Frémont’s attempt to liberate the slaves in the section under his command had been received with great approbation by the abolitionists. Lincoln’s order countermanding Frémont’s proclamation was widely criticized by them. Browning, a lawyer of Quincy, Illinois, was a close personal friend of Lincoln’s. He wrote to the
President questioning what he had done; Lincoln here replies to him giving him the reasons for his action in the Frémont matter.

(
Private and confidential
)

Executive Mansion, September 22, 1861

M
Y
D
EAR
S
IR
: Yours of the 17th is just received; and coming from you, I confess it astonishes me. That you should object to my adhering to a law which you had assisted in making and presenting to me less than a month before is odd enough. But this is a very small part. General Frémont’s proclamation as to confiscation of property and the liberation of slaves is purely political and not within the range of military law or necessity. If a commanding general finds a necessity to seize the farm of a private owner for a pasture, an encampment, or a fortification, he has the right to do so, and to so hold it as long as the necessity lasts; and this is within military law, because within military necessity. But to say the farm shall no longer belong to the owner, or his heirs forever, and this as well when the farm is not needed for military purposes as when it is, is purely political, without the savor of military law about it. And the same is true of slaves. If the general needs them, he can seize them and use them; but when the need is past, it is not for him to fix their permanent future condition. That must be settled according to laws made by law-makers, and not by military proclamations. The proclamation in the point in question is simply “dictatorship.” It assumes that the general may do anything he pleases—confiscate the lands and free the slaves of loyal people, as well as of disloyal ones. And going the whole figure, I have no doubt, would be more popular with some thoughtless people than that which has been done! But I cannot assume this reckless position, nor allow others to assume it on my responsibility.

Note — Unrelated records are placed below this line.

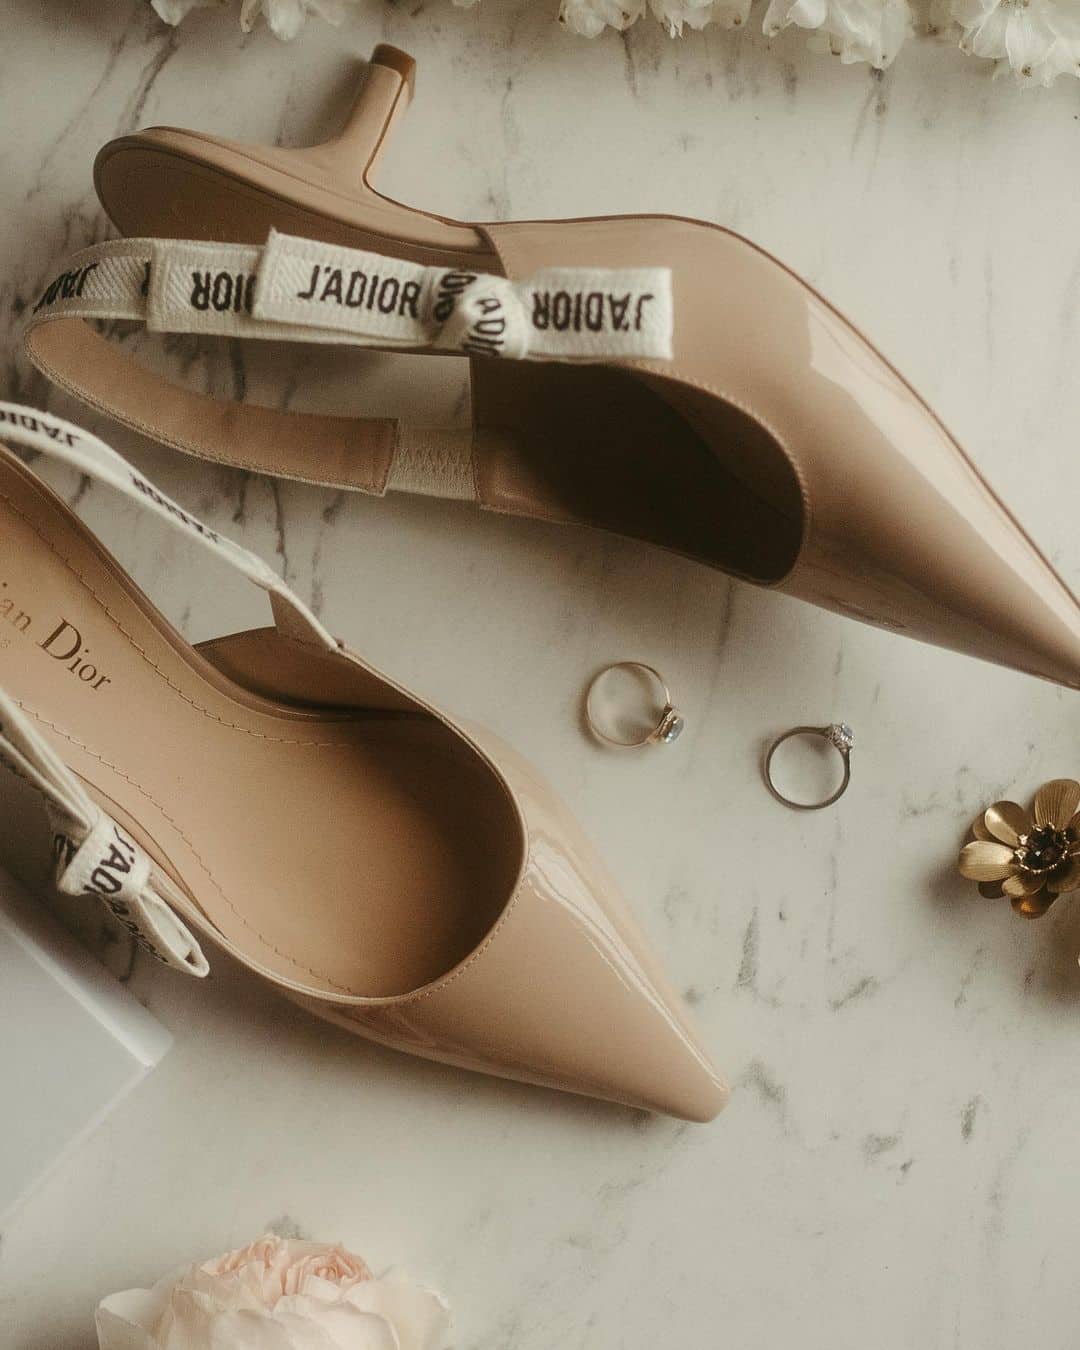 Zapatos de novia de piel acharolada modelo J'Adior de Dior con tacón en forma de coma y lazo decorativo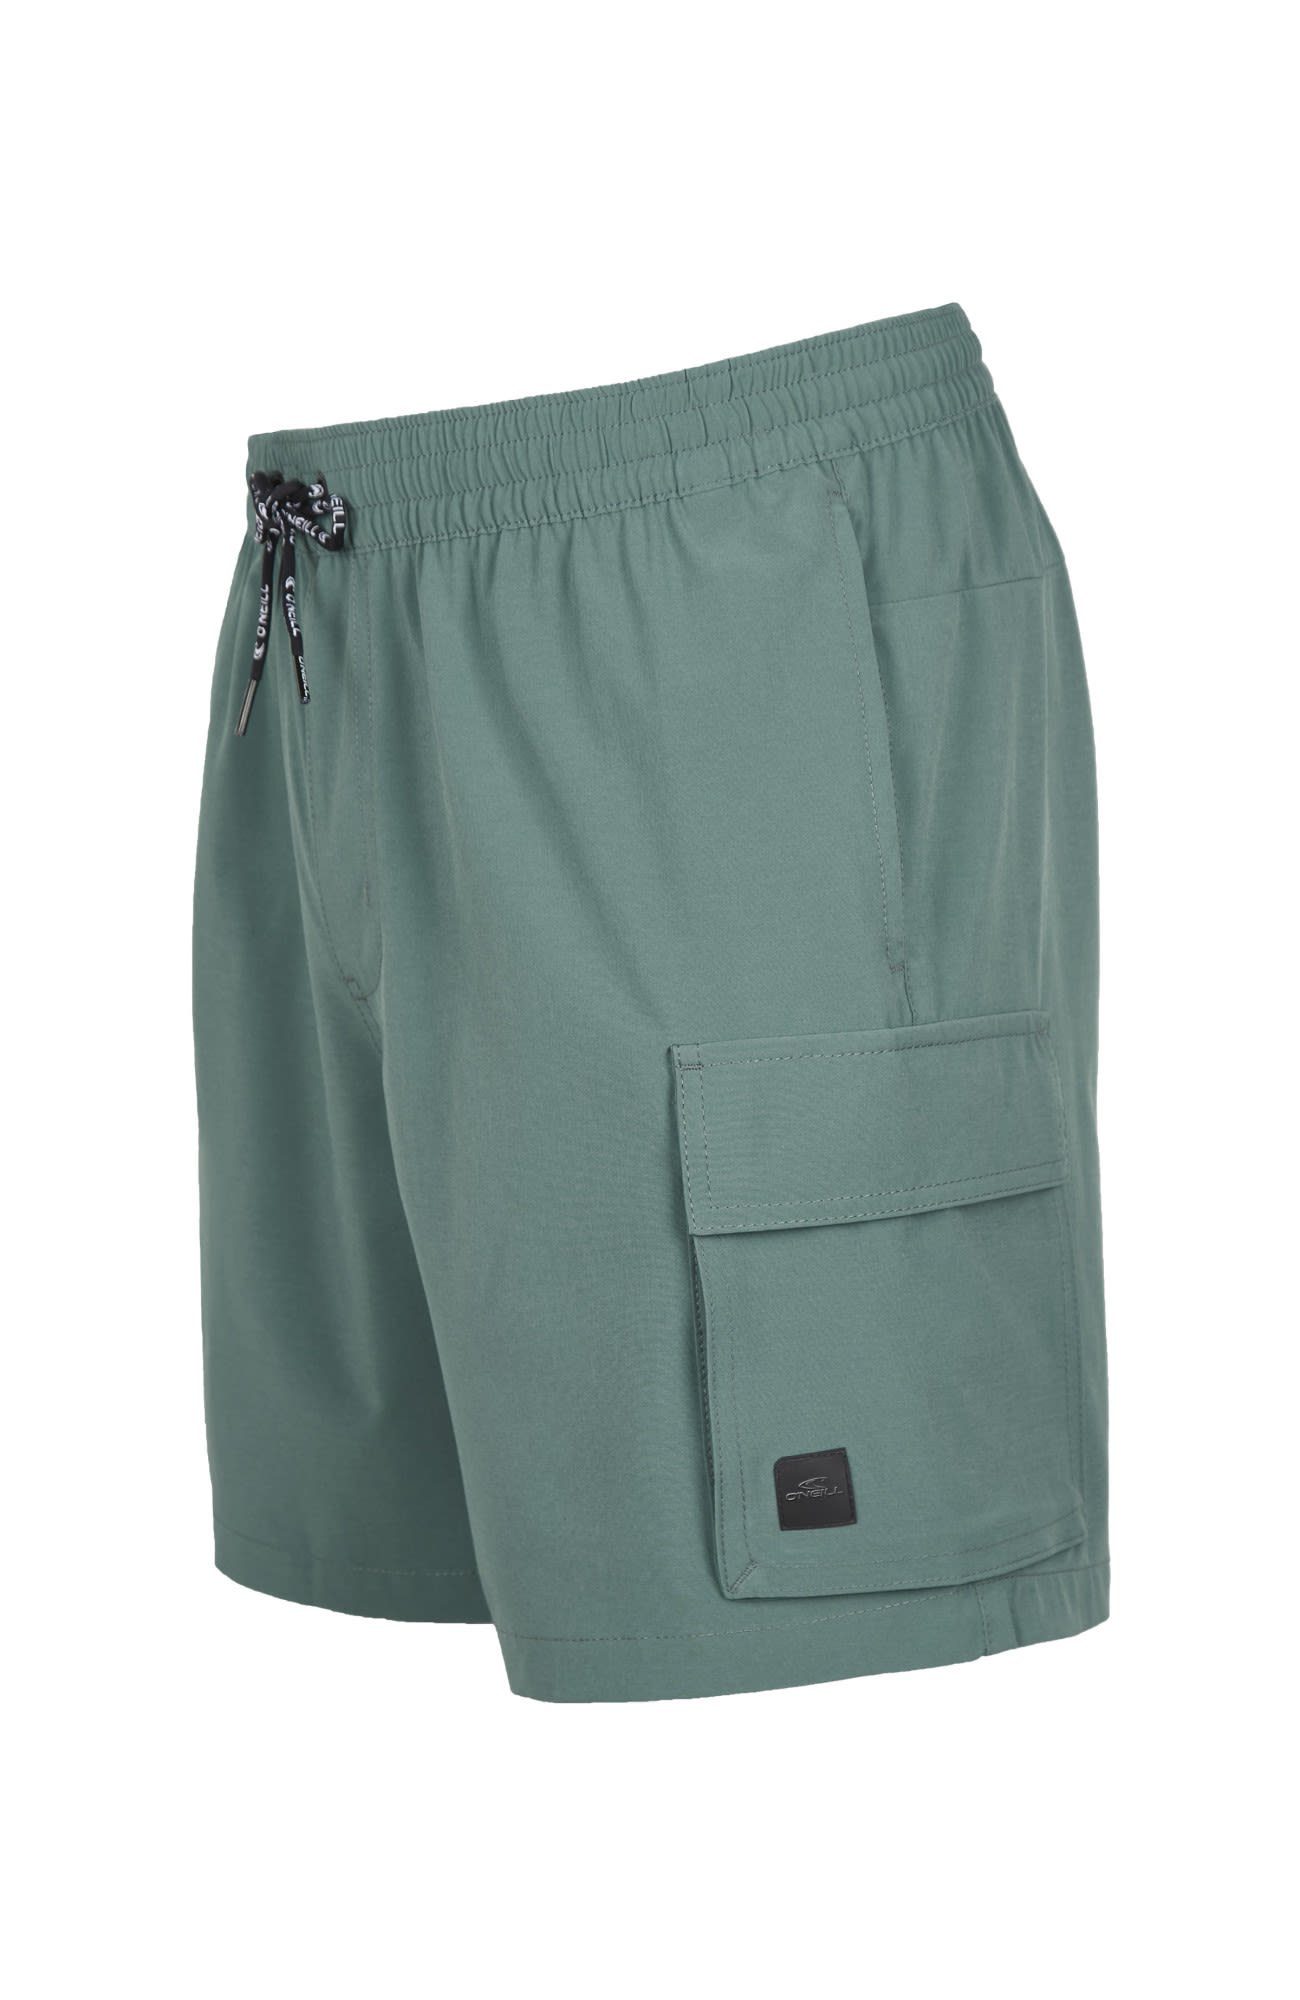 Shorts Shorts North All Strandshorts Hybrid M Atlantic Day Oneill O'Neill 17'' Herren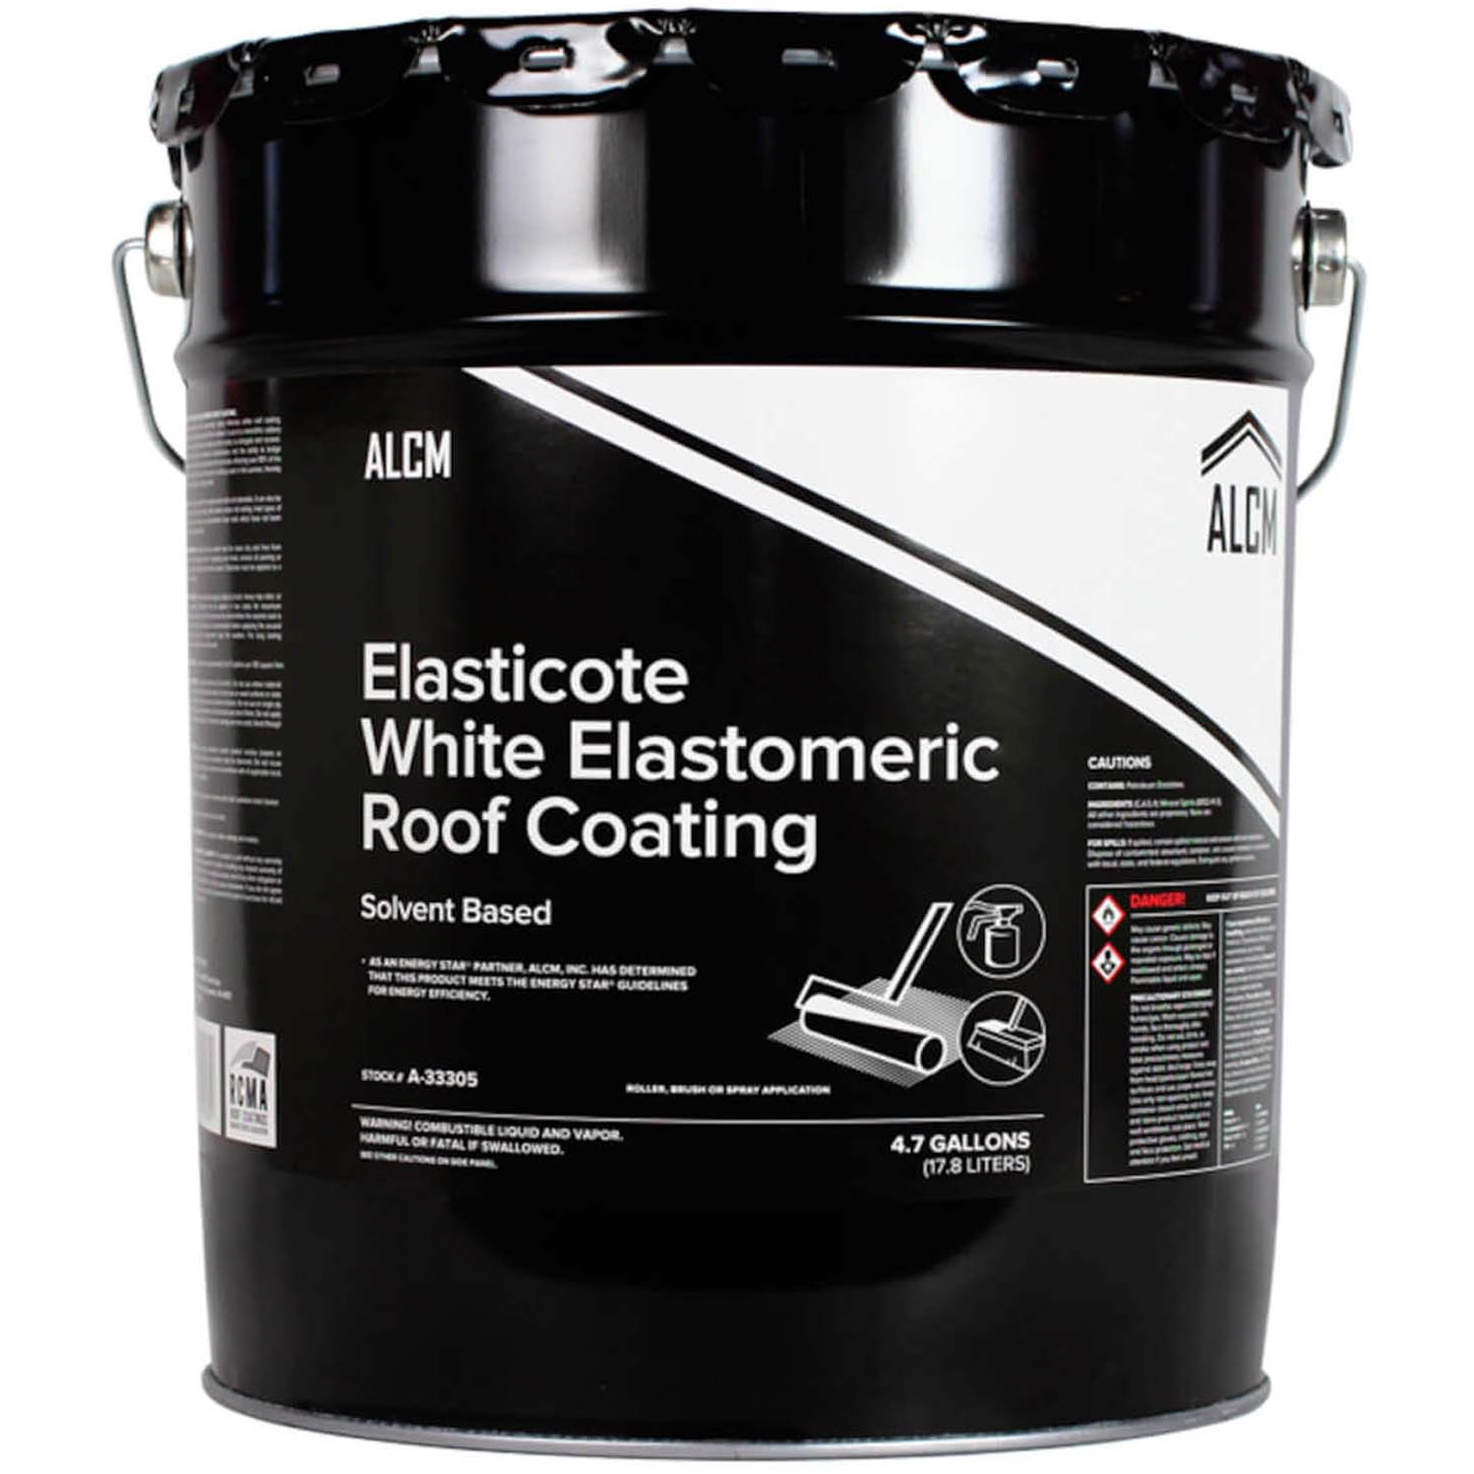 ALCM Elasticote White Elastomeric Roof Coating (Solvent-Based)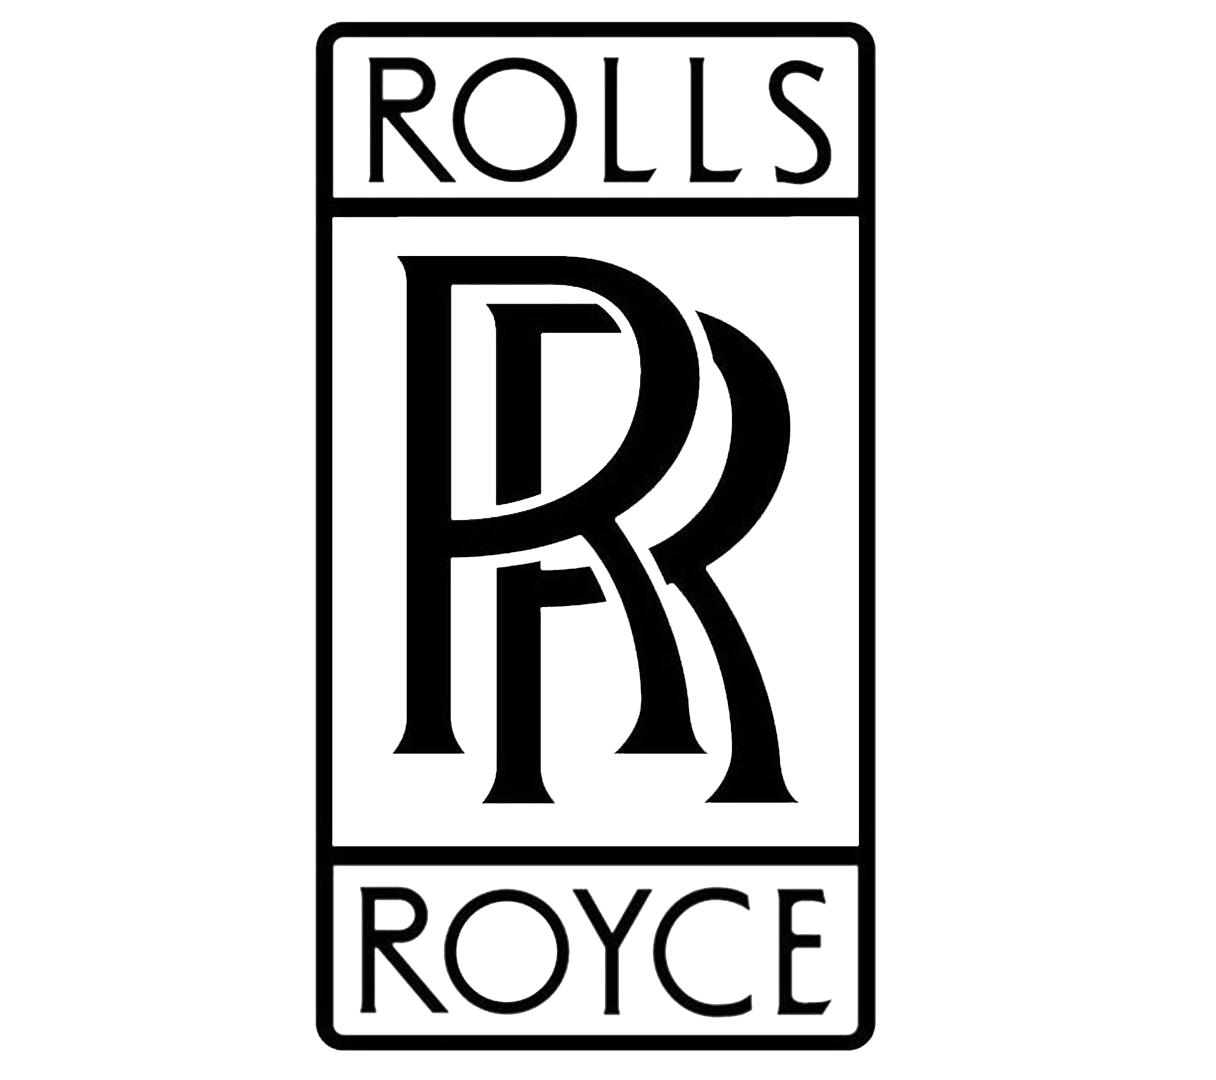 RollsRoyce Logo HD Png Meaning Information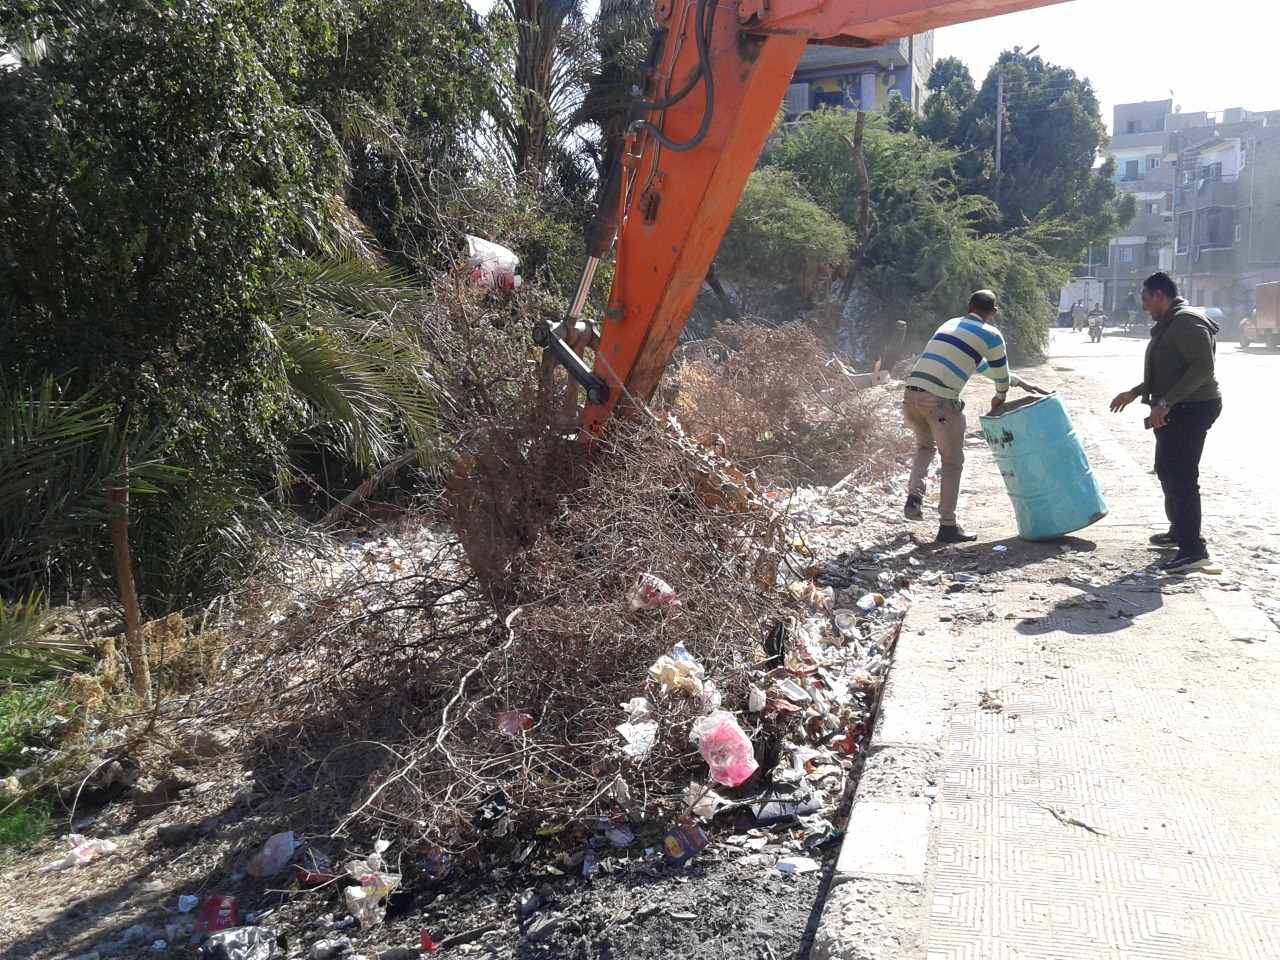   بالصور|| لليوم الرابع إستمرار أعمال النظافة بقرية الحميدات لمبادرة «بيكيا ميد» تحت شعار «بايدينا نجملها»

You speak of it as being the only means of saving the government. On the contrary, it is itself the surrender of the government. Can it be pretended that it is any longer the Government of the United States—any government of constitution and laws—wherein a general or a president may make permanent rules of property by proclamation? I do not say Congress might not with propriety pass a law on the point, just such as General Frémont proclaimed. I do not say I might not, as a member of Congress, vote for it. What I object to is, that I, as President, shall expressly or impliedly seize and exercise the permanent legislative functions of the government.

So much as to principle. Now as to policy. No doubt the thing was popular in some quarters, and would have been more so if it had been a general declaration of emancipation. The Kentucky legislature would not budge till that proclamation was modified; and General Anderson telegraphed me that on news of General Frémont having actually issued deeds of manumission, a whole company of our volunteers threw down their arms and disbanded. I was so assured as to think it probable that the very arms we had furnished Kentucky would be turned against us. I think to lose Kentucky is nearly the same as to lose the whole game. Kentucky gone, we cannot hold Missouri, nor, as I think, Maryland. These all against us, and the job on our hands is too large for us. We would as well consent to separation at once, including the surrender of this capital. On the contrary, if you will give up your restlessness for new positions, and back me manfully on the grounds upon which you and other kind friends gave me the election and have approved in my public documents, we shall go through triumphantly. You must not understand I took my course on the proclamation because of Kentucky. I took the same ground in a private letter to General Frémont before I heard from Kentucky.